I'm getting better with sed all the time but today was a challenging little booger. I wanted to change /etc/pam.d/su from
cat /etc/pam.d/su
#%PAM-1.0
auth sufficient pam_rootok.so
# Uncomment the following line to implicitly trust users in the "wheel" group.
#auth sufficient pam_wheel.so trust use_uid
# Uncomment the following line to require a user to be in the "wheel" group.

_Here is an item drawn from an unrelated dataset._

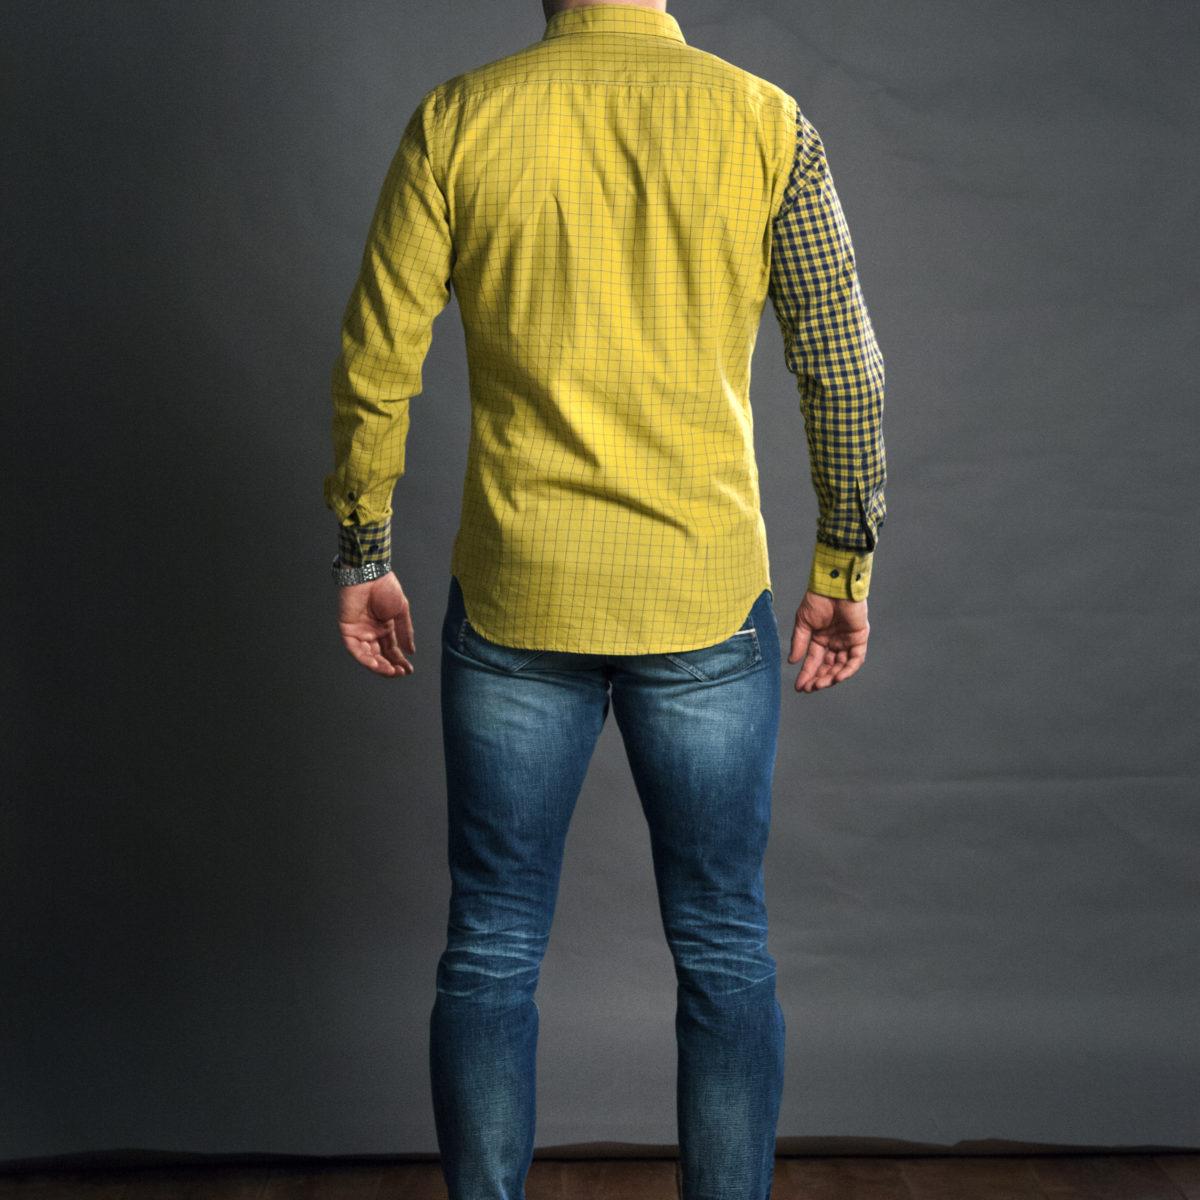 Pánská žlutá kostkovaná košile na míru s dlouhým rukávem

#auth required pam_wheel.so use_uid
auth include system-auth
account sufficient pam_succeed_if.so uid = 0 use_uid quiet
account include system-auth
password include system-auth
session include system-auth
session optional pam_xauth.so
to
cat /etc/pam.d/su
#%PAM-1.0
auth sufficient pam_rootok.so
# Uncomment the following line to implicitly trust users in the "wheel" group.
#auth sufficient pam_wheel.so trust use_uid
# Uncomment the following line to require a user to be in the "wheel" group.
auth required pam_wheel.so use_uid
auth include system-auth
account sufficient pam_succeed_if.so uid = 0 use_uid quiet
account include system-auth
password include system-auth
session include system-auth
session optional pam_xauth.so
Notice the absense of the comment on line 6? If you used sed -i 's/\#auth/auth/' <file> it would only look at the first line and then quit. If you used sed -i 's/\#auth/auth/g' it'd change all of them. I wanted to change just ONE out of the whole file. The trick? To specify a LINE for sed to work on.
sed -i '6s/\#auth/auth/' /etc/pam.d/su
Finally! Looked for a while to find the answer. The key is using the line number at the beginning of the search string here. This link helped me get going in the right direction, http://www.linuxquestions.org/questions/linux-software-2/sed-display-text-on-specific-line-of-text-file-397405/. but it didn't give me EXACTLY what I wanted. However it helped me figure out how to specify a line. I knew I could do it after I was able to print the line I wanted to work on. SUCCESS!!